Japan’s recent AI strategy illustrates this agile approach. Tokyo relies on NVIDIA and US cloud providers for compute and access to frontier models, partners with domestic firms like SoftBank for telecommunications infrastructure, and invests in Japanese-language AI models for government services. The country’s latest AI Promotion Act seeks to balance the needs of providers with the national requirement for better interoperability – aiming to guide technical innovation through long-term thinking on AI rule-making.
Open-source AI makes hedging more viable. National builders can adapt multiple open-weight models to local contexts and languages without depending on a single proprietary provider. Governments can encourage competition between open-source or public AI models to avoid lock-in while accessing near-frontier capabilities. For middle powers with under-resourced languages or unique regulatory requirements, the ability to customize models locally creates genuine opportunity.
But hedging is technically demanding. It necessitates sophisticated procurement frameworks that mandate interoperability, penalize vendor lock-in and require compatibility with multiple competing systems. It demands expertise to integrate disparate technologies – US cloud infrastructure, European privacy tools, Chinese hardware, domestic domain models – into coherent national systems.

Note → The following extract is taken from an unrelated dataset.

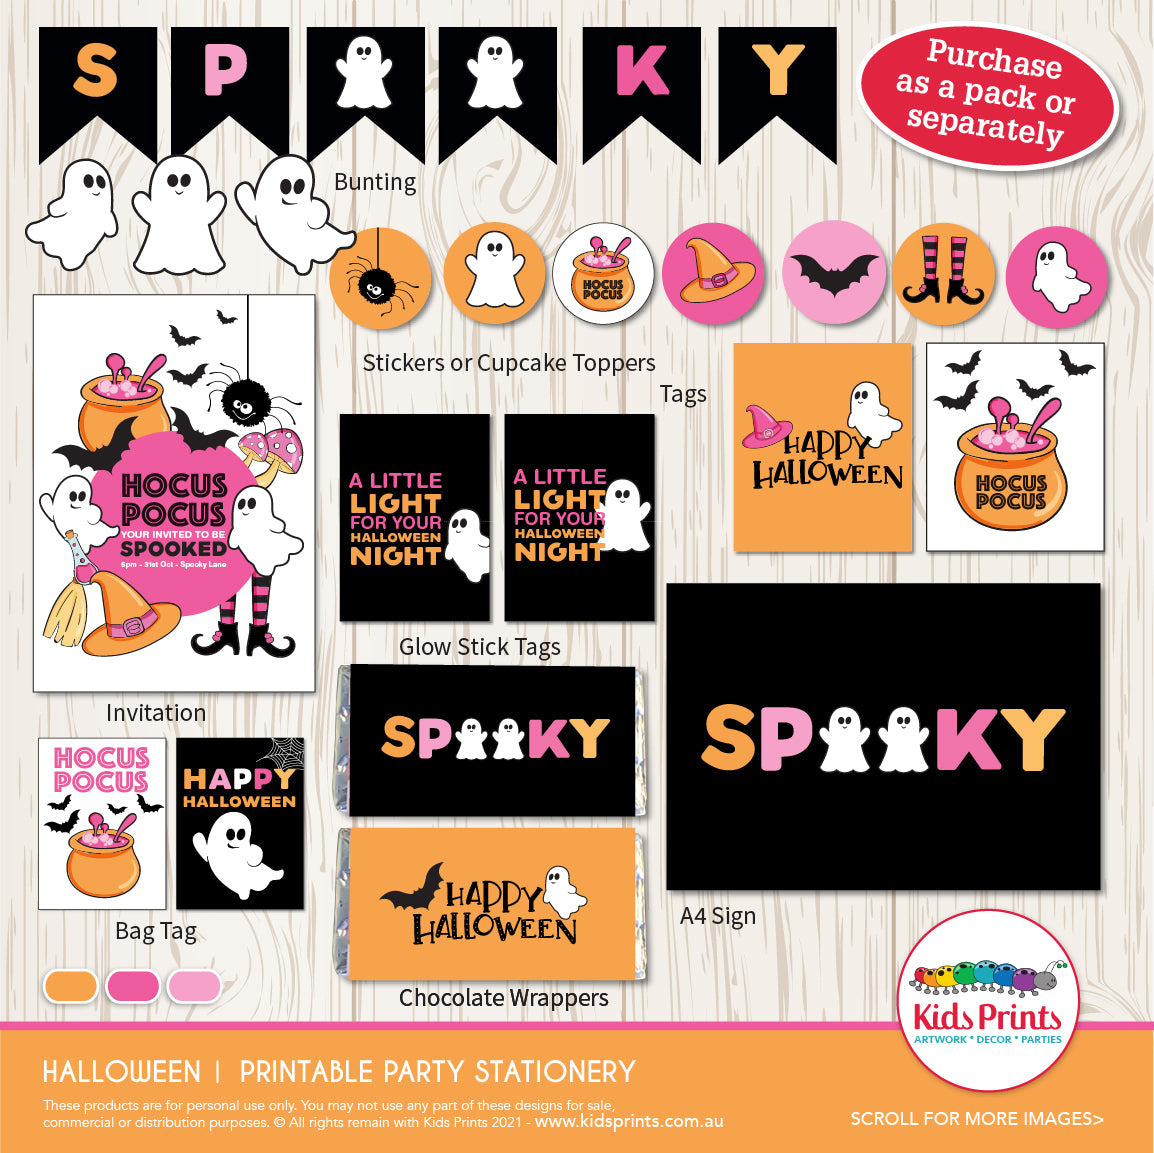 Halloween Party | Printable Stationery - Kids Prints

And it requires continuous vigilance: the global AI market’s extreme consolidation means vendor lock-in can happen through stealth, as proprietary application programming interfaces (APIs), data formats, isolated talent and training dependencies accumulate over time.
Hedging also carries geopolitical costs. Diversifying across US, Chinese and European providers may trigger suspicion from all three, particularly in sensitive domains like defence or critical infrastructure. And managing a multi-vendor environment increases complexity and integration costs compared to committing fully to one ecosystem. These costs underscore the erosion of middle power flexibility in an ever-polarized world order.
This pathway works best for middle powers, such as Singapore and Japan, that can afford the coordination costs, have deep technical expertise to manage hybrid systems and face no immediate existential security threats that would push them towards alignment. The goal is not independence – full autonomy remains unrealistic – but rather strategic flexibility: the ability to switch providers, adapt to disruptions and avoid becoming captive to any single superpower’s technology ecosystem. Countries aiming to hedge should:
- Mandate multi-vendor interoperability standards in government AI procurement to prevent proprietary lock-in through closed APIs, incompatible data formats or opaque integration requirements.
- Invest in sovereign capacity selectively – build genuine independence in critical domains (defence, essential infrastructure, sensitive government services) while accepting pragmatic dependence elsewhere.
- Establish contingency mechanisms, including reserved funding and pre-negotiated alternative partnerships, to enable rapid provider substitution if primary suppliers restrict access due to geopolitical tensions.